Spencer Hall on why you should be fired up for everything (but mainly football) →
2 min read Published by Lee Reamsnyder PermalinkOn how the birth of his child showed him what matters:
If you’re born without an emotion chip, this part can be installed at a later date. If you choose not to order this part, it will be forcibly installed upon the birth of your first child. Systems calibration will not be offered, and is not available anywhere. Systems may overload unexpectedly and without warning. No recalls will be made, and no improvements made on this faulty part. No apologies, The Management. …
It is in part because you have something depending on you, but also because this space and time just became more finite and precious. It is the first bite of fall in the air of an endless summer, the hint that you have crossed into something else, something with falling leaves, a chill in the air, and a gradual shortening of the literal and metaphorical days.
Camus makes a guest appearance here again:
In the depth of winter I finally learned that there was in me an invincible summer.
Summer’s never been my favorite season. Fall, however, is. I don’t have a clue what will happen with John Brantley, or the Florida defense, or to Alabama, or Georgia, or Michigan, or USC, or Western Kentucky, or any other team. There are depth charts, and rosters, and points spreads and buses and planes headed to various points to play on various fields.
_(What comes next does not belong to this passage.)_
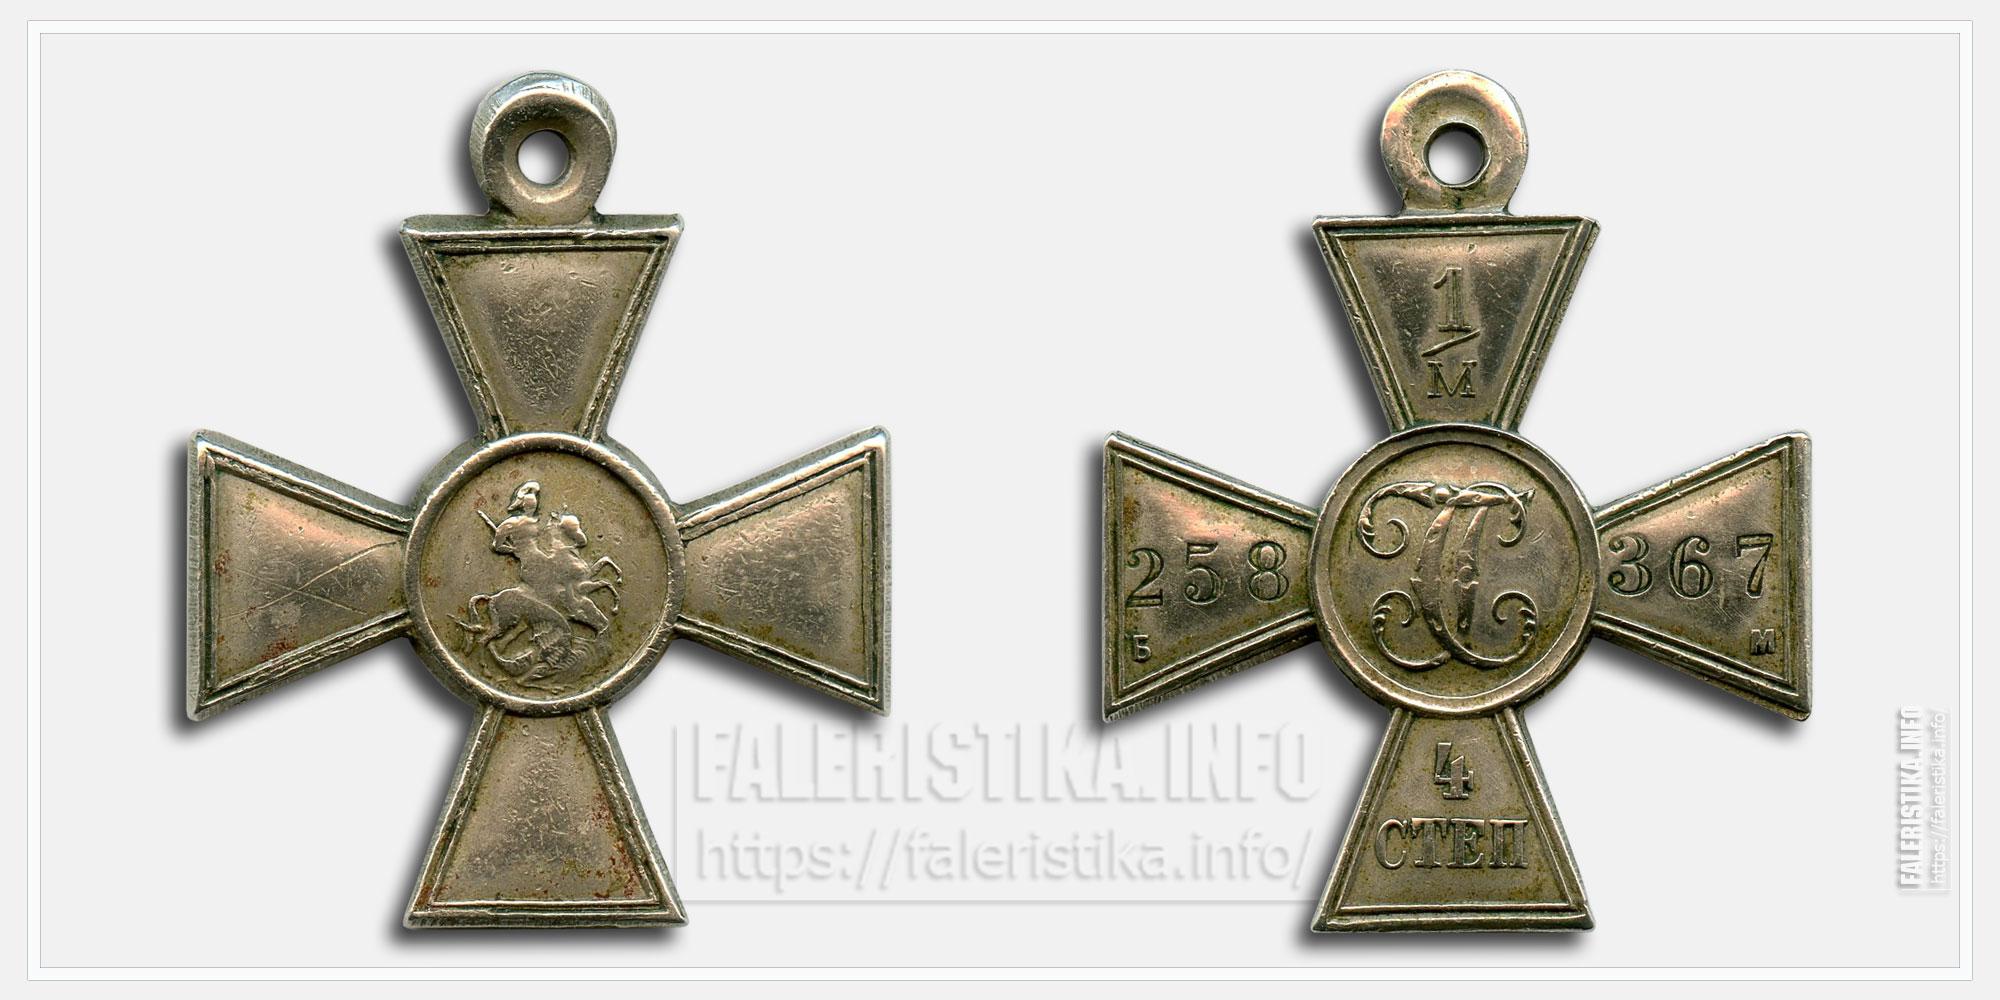 Георгиевский крест 4 ст. Белый металл
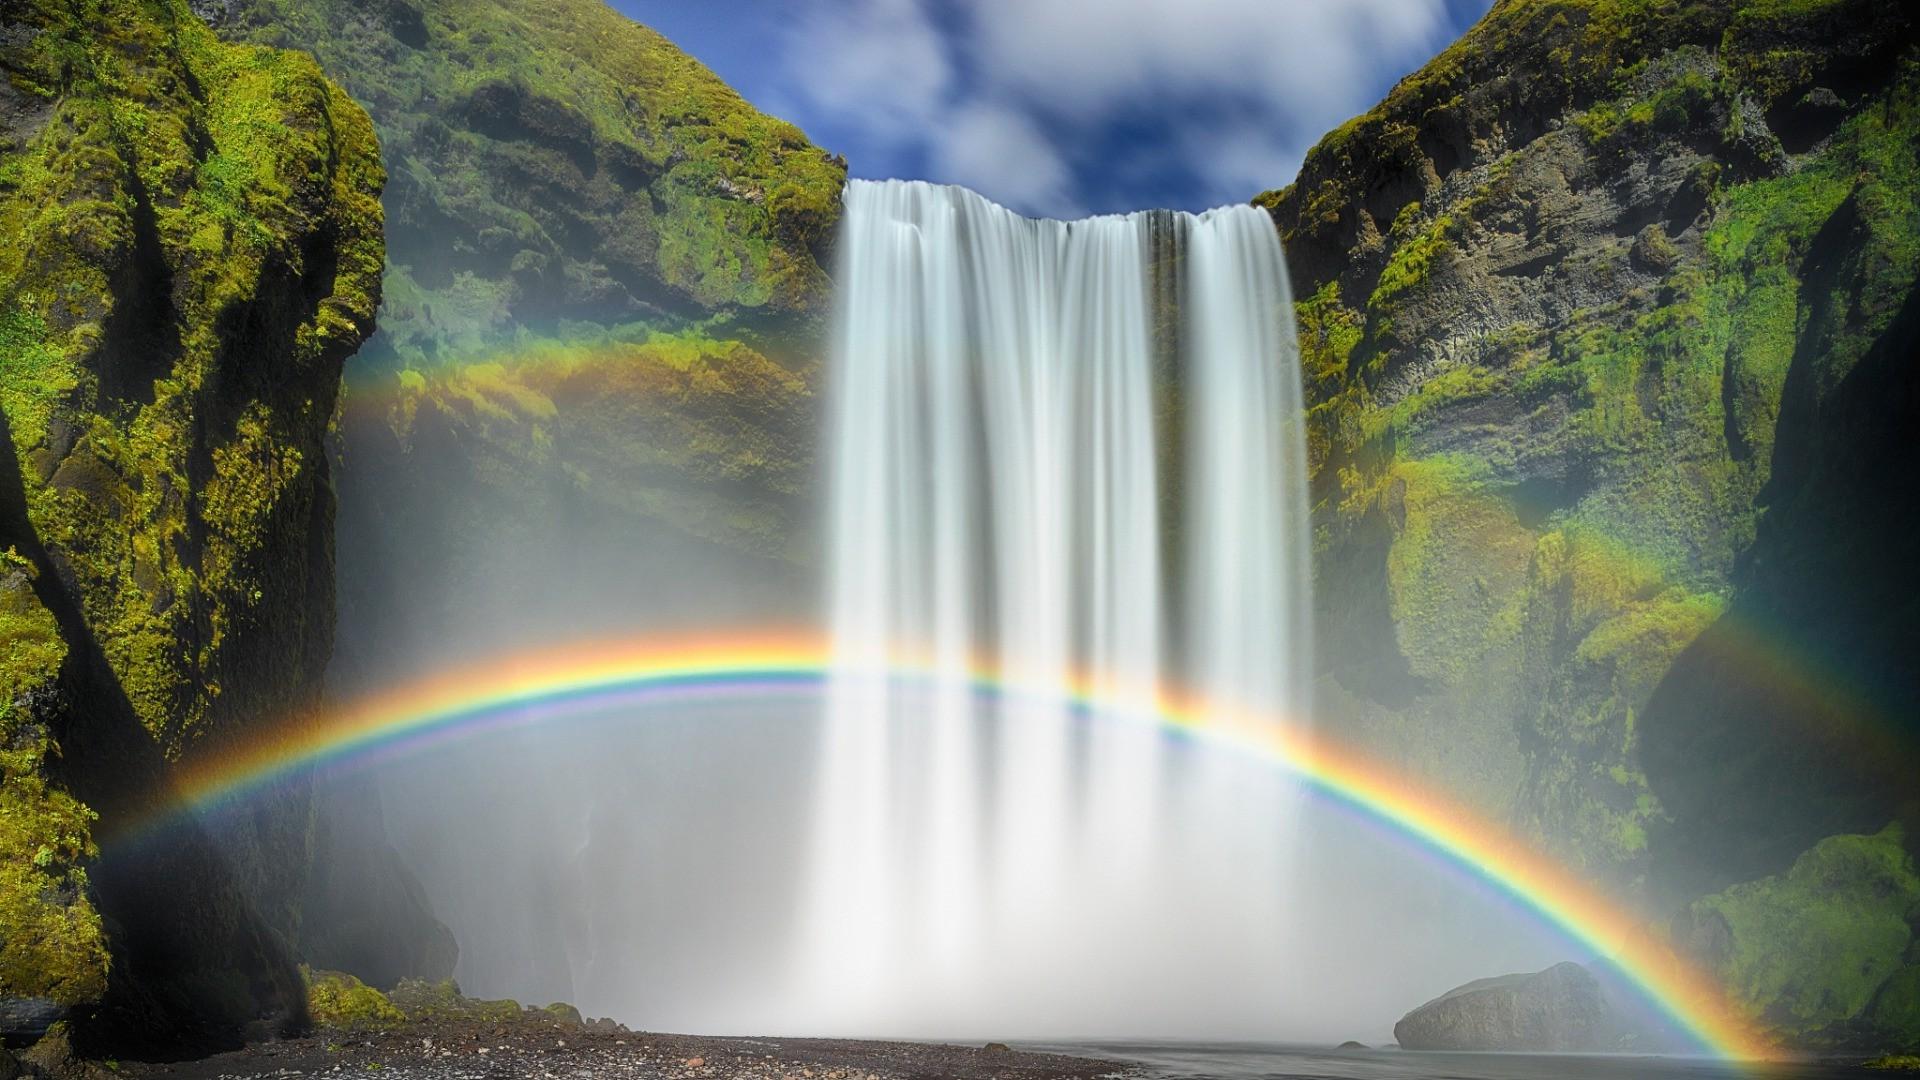 Niagara Falls Moving Wallpaper Nature Waterfall Rainbows Moss Long Exposure Iceland

Everything but those is filling the space between diversions staged to liven up the otherwise dull expanse of a working week.
I do know, however, that like everything else this experience, this randomness we do each fall means so much more to me now than it did before. It is not enough to admit that your seriousness becomes that much more serious when you reproduce. Your arbitrary passions, your silliness, your distractions become that much more intense now, if only because you understand how limited a resource they are. The whistle blows.
So. Pumped.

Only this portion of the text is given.